В этом эксперименте был еще один важный ингредиент. Исследователи, изучающие E.coli, используют широкий выбор «блюд», которыми они потчуют своих микроскопических питомцев. Кто-то кормит их стандартными биохимическими лабораторными питательными веществами, такими как измельченные в порошок кусочки дрожжевых грибков или белок сыворотки. А кто-то прибегает к экзотическим ингредиентам вроде овечьей крови или бульона из свиных мозгов и сердец. Диета, которую выбрал Ленски, была необычна сразу в двух аспектах. Во-первых, единственной пищей, которая присутствовала в их жидких жилищах, была глюкоза, моносахарид, который многие организмы используют для насыщения энергией[48]. Во-вторых, в отличие от стандартных лабораторных приготовлений запасы пищи были очень ограничены, причем ровно настолько, чтобы каждый день в течение шести часов популяция стремительно увеличивалась в размерах до тех пор, пока глюкоза не закончится. В этот момент клетки прекращали делиться и терпеливо ждали.
На следующий день кто-то из членов лаборатории откачивал 0,1 миллилитра жидкости из каждой колбы, что составляет один процент содержимого в колбе и, соответственно, один процент популяции E.coli (приблизительно пятьдесят миллионов E.coli), а затем впрыскивал в новую колбу с 9,9 миллилитра свежей жидкости с добавленной в нее глюкозой (лабораторные ученые используют термин «среда» для обозначения тех наполненных питательными веществами мест обитания, в которых живут их подопечные). И тогда цикл начинается заново.

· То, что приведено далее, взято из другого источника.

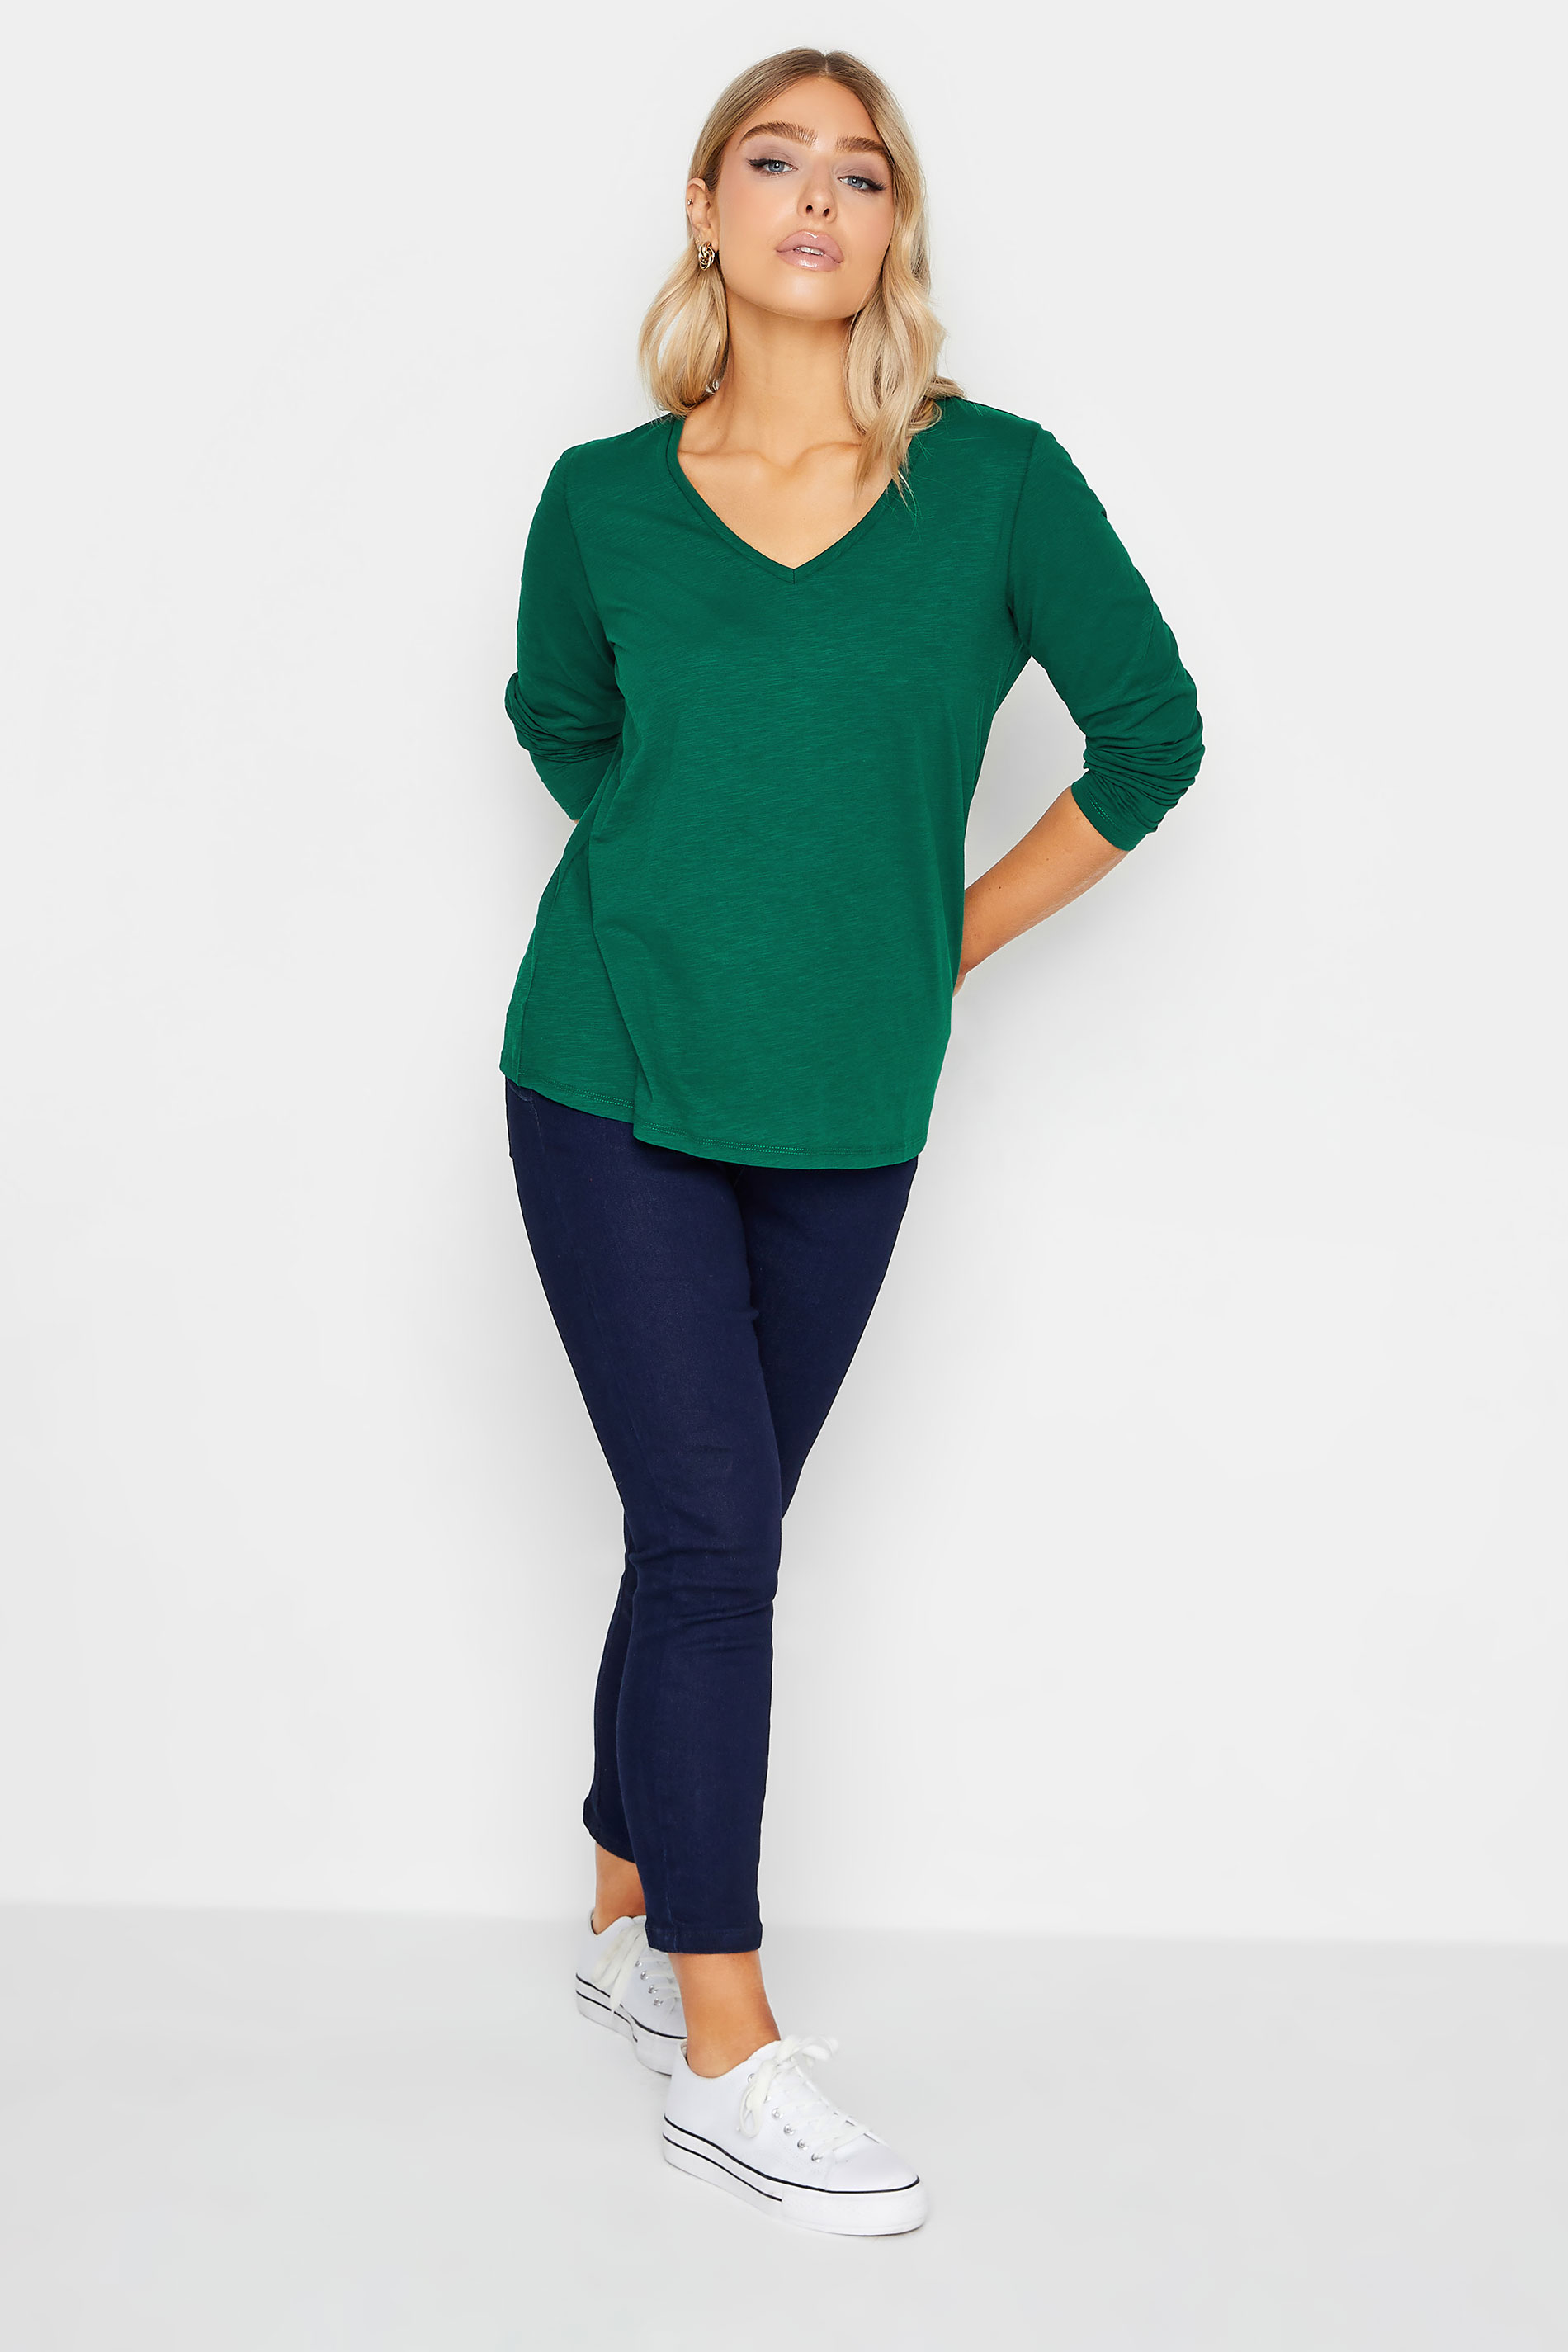 M&Co Dark Green V-Neck Long Sleeve Cotton Blend T-Shirt | M&Co 2

Штамм E.coli, с помощью которого начался этот эксперимент, был предметом исследований, начиная с 1918 года. Но специфические условия данного эксперимента, в особенности низкие и циклично расходуемые уровни глюкозы, были впервые применены на микробах. Вероятно, данная среда создавала сильные селективные воздействия, с тем чтобы скудные ресурсы расходовались эффективно и быстро. Но в отличие от большинства лабораторных селекционных экспериментов Ленски не диктовал, кто будет победителем, а кто – проигравшим, отбирая тех микробов, которые выживут до следующего поколения. Наоборот, он предоставлял микробам возможность самим определять, кого вытеснить, по-своему решая, какая совокупность признаков наиболее пригодна. По этой причине ученый считал свой проект не экспериментом по отбору, а скорее долгосрочным эволюционным экспериментом (для краткости ДЭЭ).